Description - South Cumberland is one of the newer Tennessee State Parks. Almost all of the park lies atop the Cumberland Plateau and, unlike most state parks, it is made up of ten different areas located in four different counties. The park is composed of 12,404 acres in seven separate areas. From here the various components of our park are managed. Visitors can also obtain information and directions from the visitor center.
Copyright: - Tennessee State Parks
Carved like a giant crow foot into the western edge of the Cumberland Plateau, the Savage Gulf State Natural Area is one of Tennessee's most scenic state outdoor recreation areas. At a length of five miles each, the Big Creek, Collins River and Savage Creeks tumble down over 800 feet in elevation through narrow gorges, locally known as "Gulfs." Rimmed by sheer sandstone cliffs, the rugged canyons offer the hardy visitor a fine glimpse of the true wilderness still remaining in our State's midsection.
The Stone Door was used for centuries by the Indians as a passage way from the top of the escarpment into the gorges below. Like a giant door left ajar, the crack is 10 feet wide and 100 feet deep. The spectacular cliffs offer one of the best scenic overlooks in Tennessee. Big Creek, 750 feet below the overlook, mysteriously disappears and reappears as it cuts its way thru the diverse layers of limestone and shale. All of the larger streams flow underground before reaching their mouths, making dry streambeds a common feature. But, during periods of heavy rainfall, these streams can become swift and treacherous torrents, so flash flooding is a very real danger. At the heads of the gorges the streams drop off the hard caprock in breathtaking waterfalls. Greeter Falls on Firescald Creek near Altamont drops over a 15-foot upper ledge and then plummets over a 50-foot lower ledge into a cold, clear plunge pool. Savage Creek enters its gorge over the cascades and a 30-foot drop of Savage Falls. Collins River and Ranger Creek have disappearing waterfalls, deep in the gorges, these streams drop over limestone ledges and flow into sinks. Animal life is abundant at Savage Gulf.
The rocks which make up the Cumberland Plateau were laid down 250 to 325 million years ago. During that warm tropical period, shallow seas advanced and retreated across the land, and the landscape was a profuse growth of swamp forests which were later buried by advancing seas. Today the vegetative remains of these swamp forests form the coal seams visible at the 1800 foot elevation. The fossils found in the park bear mute witness to the ancient animals and plants which once called this area their home.
- The Stone Door and Savage Gulf Complex contain spectacular vistas, waterfalls, and many miles of hiking an backpacking trails and beautiful forest. The Fiery Gizzard Trail connects Grundy Forest and Foster Falls Hikers may observe nature swim in Fiery Gizzard Creek and enjoy one of the nation's most outstanding trails. Carter Natural Area is part of a unique 18,000-acre enclosed-valley sinkhole aptly named Lost Cove. Dense forests, clear streams and "the most impressive cave entrance in the state" are a few of the features found here.
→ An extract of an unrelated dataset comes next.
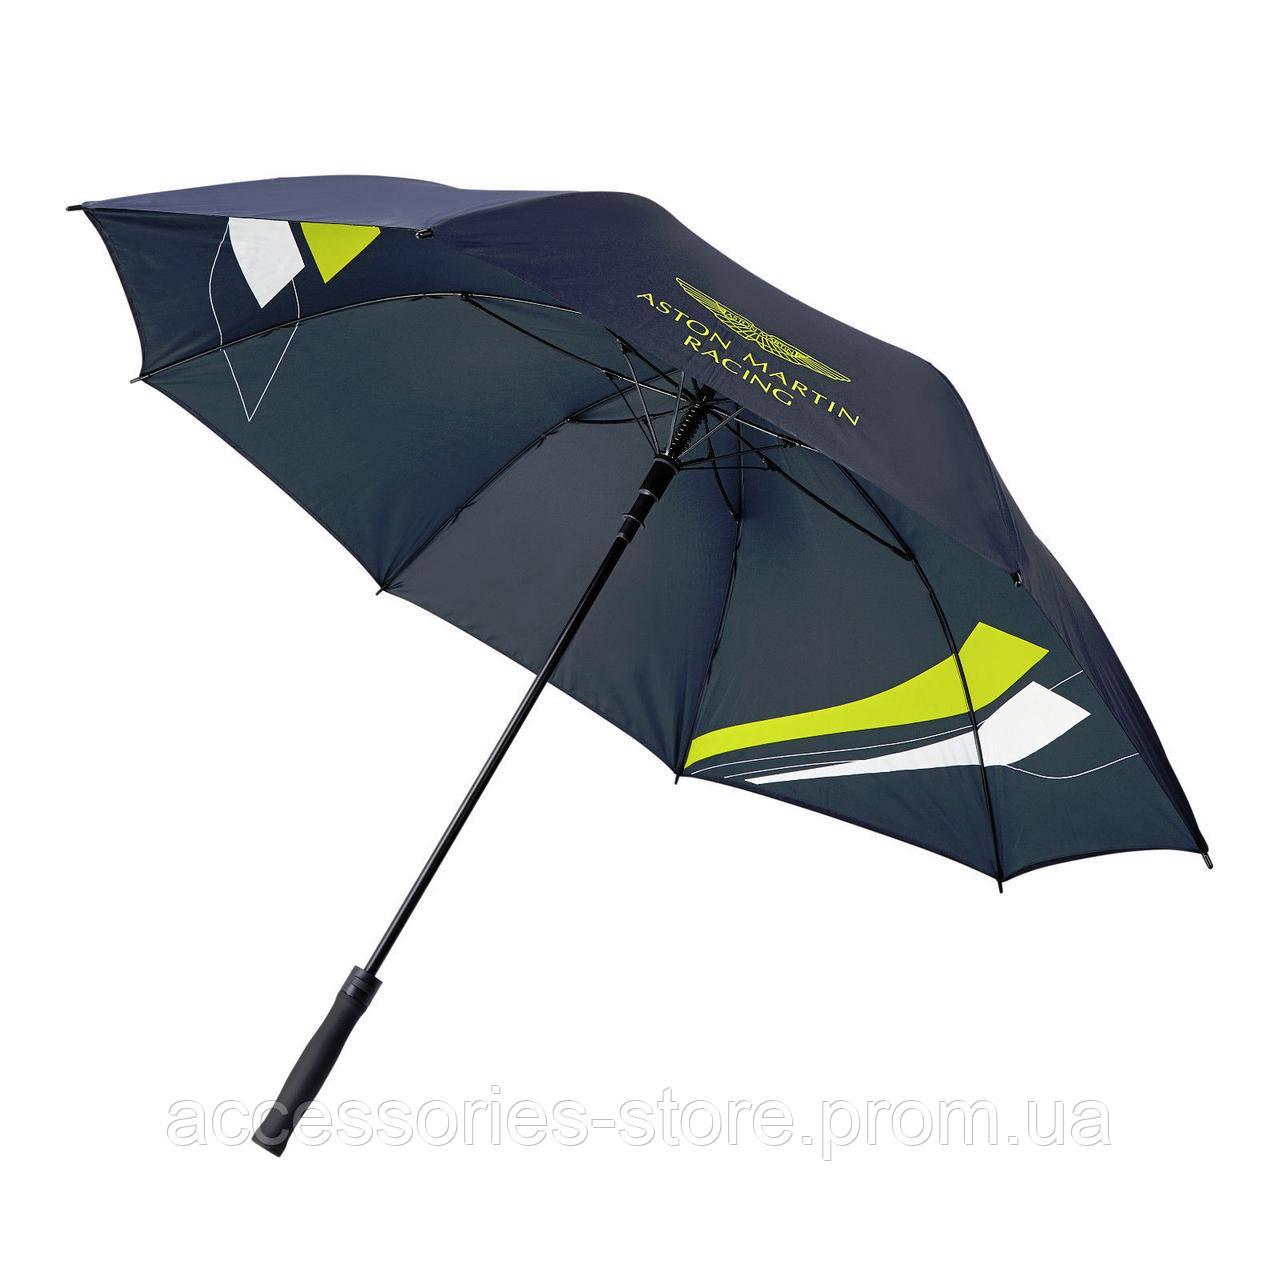 Зонт трость Aston Martin Racing Golf Umbrella Navy

Sewanee Natural Bridge is a remarkable sandstone arch that overlooks Lost Cove. Grundy Lakes, a day-use area near Tracy City, provides swimming, picnicking , fishing, hiking and a view of 19th century "Coke Ovens."
The Visitor Center is located between Monteagle and Tracy City on Highway 41.
The park museum displays the natural and cultural history of the South Cumberland area.
Recreation - A monthly schedule of free public programs and guided hikes are provided by park staff and volunteers. A copy of the schedule can be obtained at the Visitor Center. Camping, hiking and picnicking are available at this park.
Climate - Tennessee has a temperate climate with short, mild winters. The average annual snowfall for the state is 12 inches. Spring comes in early March bringing flowering trees and shrubs, and warmer weather. Spring temperatures average between 45 and 70 degrees. Summer's full force arrives in the region by mid May, bringing warm weather and higher humidity. The mountains of eastern Tennessee are a great place to escape the hot summer temperatures as the higher elevation cools the air slightly. Cool fall temperatures bring crisp air and brilliant fall colors. Mid to late October is a good time to visit the region to experience the fall foliage.
To get to South Cumberland State Park, take exit 134 off I-24, take a right to Monteagle, turn left on Hwy. 41, drive three miles and the visitors center is located on the left.